Y hablando de esfuerzos, el Papa Francisco, en su mensaje para esta Cuaresma, nos ha tirado una propuesta bien bacana, mi gente. No es solo abstenerse de comer carne, que es lo que muchos hacen. Él ha propuesto un “ayuno del lenguaje”. ¡Qué fuerte! Nos dice que dejemos la vaina de las palabras de odio, de los chismes, de herir al prójimo con lo que decimos, ya sea en la casa, en el trabajo, en los debates políticos o en las redes sociales, que eso sí que es un desorden. Es una invitación a desarmar el lenguaje, a no juzgar de una vez, a no hablar mal de los que no están presentes para defenderse, y a dejar las calumnias. ¡Un viaje de verdad que tenemos que echarle cabeza a eso!
El Papa nos pide que aprendamos a medir las palabras, a cultivar la amabilidad, ese buen trato que a veces se nos olvida en la chercha del día a día. Que sea en la familia, entre los panas, en la oficina, en las plataformas digitales (¡que ahí sí que se la comieron!), o en las comunidades de la iglesia, que busquemos siempre la paz con lo que sale de nuestra boca. Es un llamado a vivir una Cuaresma que nos haga más atentos a Dios y, sobre todo, a los que más necesitan.
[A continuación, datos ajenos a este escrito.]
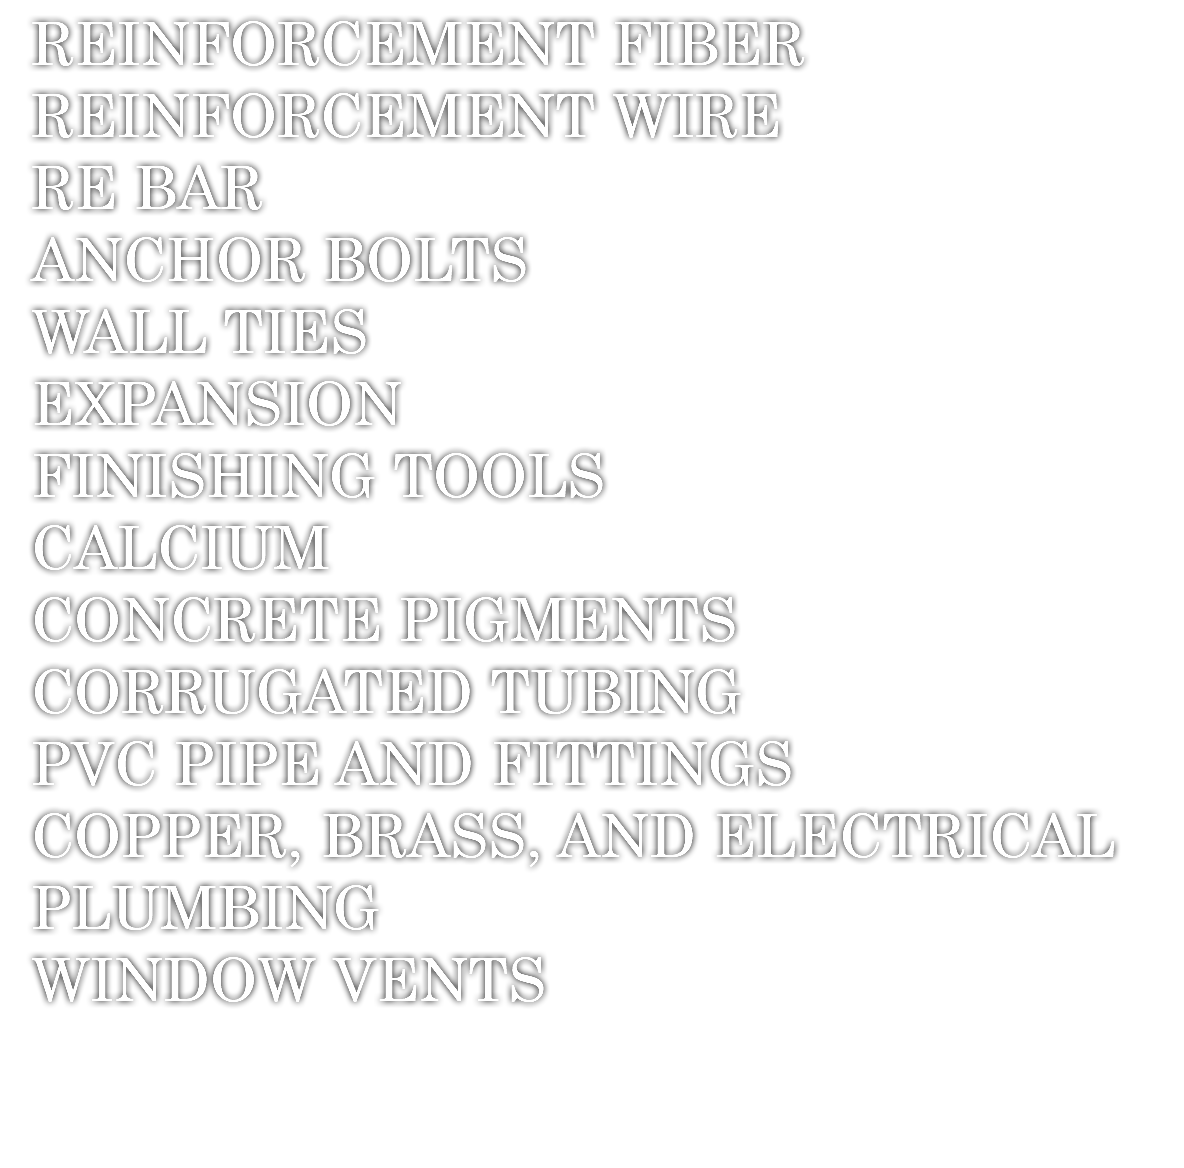 REINFORCEMENT FIBER REINFORCEMENT WIRE RE BAR ANCHOR BOLTS WALL TIES EXPANSION FINISHING TOOLS CALCIUM CONCRETE PIGMENTS CORRUGATED TUBING PVC PIPE AND FITTINGS COPPER, BRASS, AND ELECTRICAL PLUMBING WINDOW VENTS 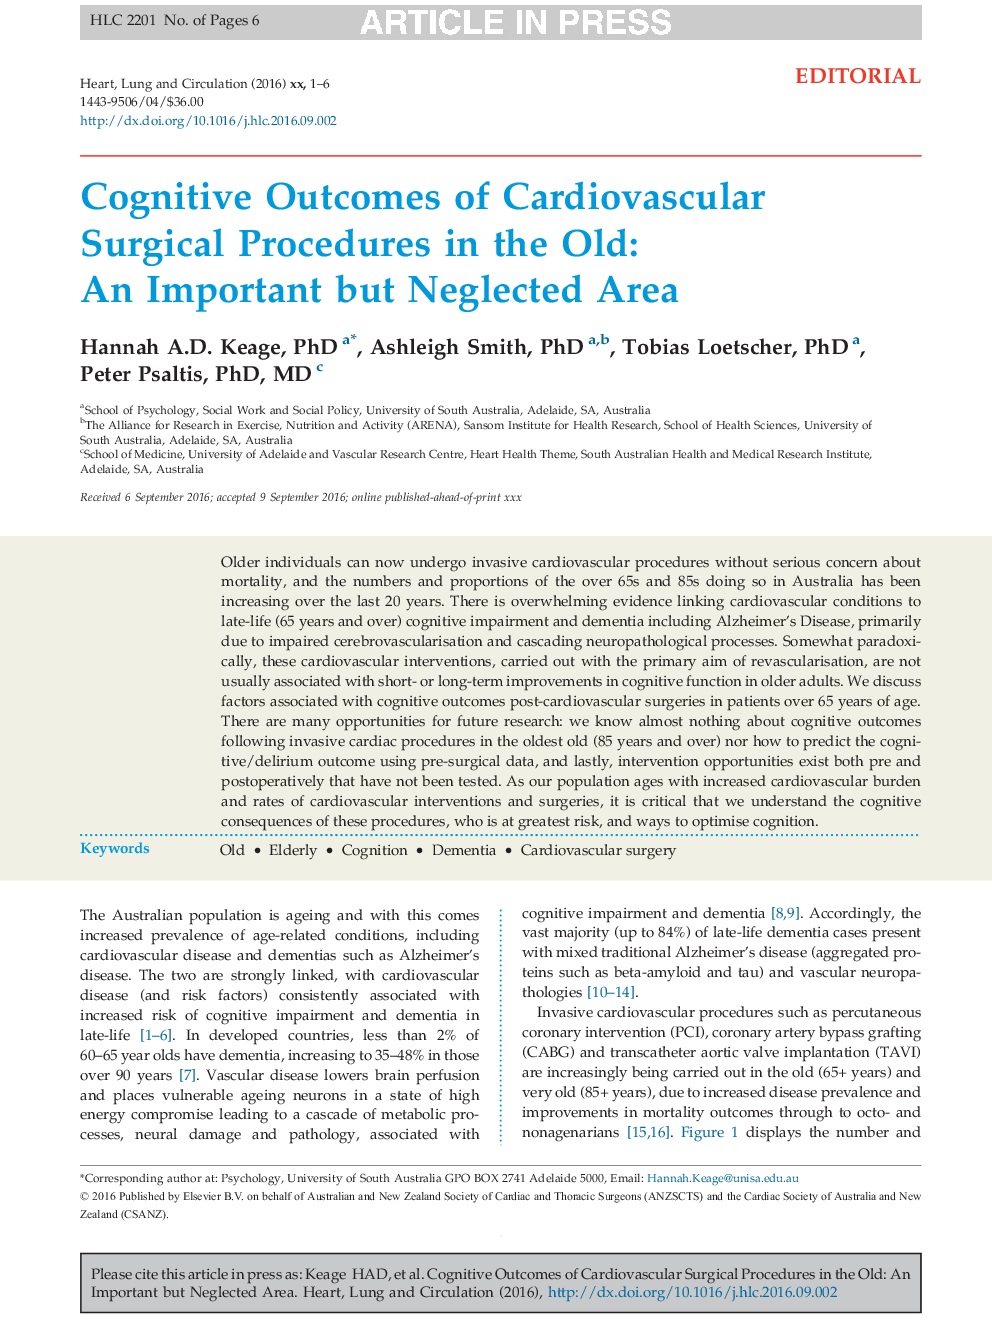 Cognitive Outcomes of Cardiovascular Surgical Procedures in the Old: An Important but Neglected Area

Pidámosle la fuerza para un ayuno que nos alcance hasta la lengua, para que disminuyan las palabras que hieren y se cree más espacio para que se escuche la voz de los demás.
En el fondo, lo que el Papa espera es que nuestras comunidades cristianas se conviertan en lugares donde el grito de los que sufren encuentre acogida de una vez, que la escucha genere caminos de liberación, haciéndonos más dispuestos y diligentes para edificar la tan anhelada civilización del amor. Así que ya saben, esta Cuaresma es una oportunidad de oro para meternos en ese ritmo, reflexionar, ayunar no solo con la comida, sino también con el lenguaje, y salir de este período con el espíritu más fuerte y renovado. ¡Vamos a ponernos las pilas con esta vaina!